— HOW TO COMPLETE THIS TASK —
The data below holds a line containing "Fresh Nectarine Tarts" and a line containing "Alpine Clinic PL"; please quote exactly those two lines and every line between them, and nothing else.

-- DATA SHOWN follows --

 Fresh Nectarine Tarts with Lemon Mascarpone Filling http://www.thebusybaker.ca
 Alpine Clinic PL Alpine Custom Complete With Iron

-- DATA SHOWN concluded --
-- DATA SHOWN follows --

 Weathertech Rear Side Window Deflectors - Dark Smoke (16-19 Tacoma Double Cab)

-- DATA SHOWN concluded --

— SOLUTION BELOW —
 Fresh Nectarine Tarts with Lemon Mascarpone Filling http://www.thebusybaker.ca
 Alpine Clinic PL Alpine Custom Complete With Iron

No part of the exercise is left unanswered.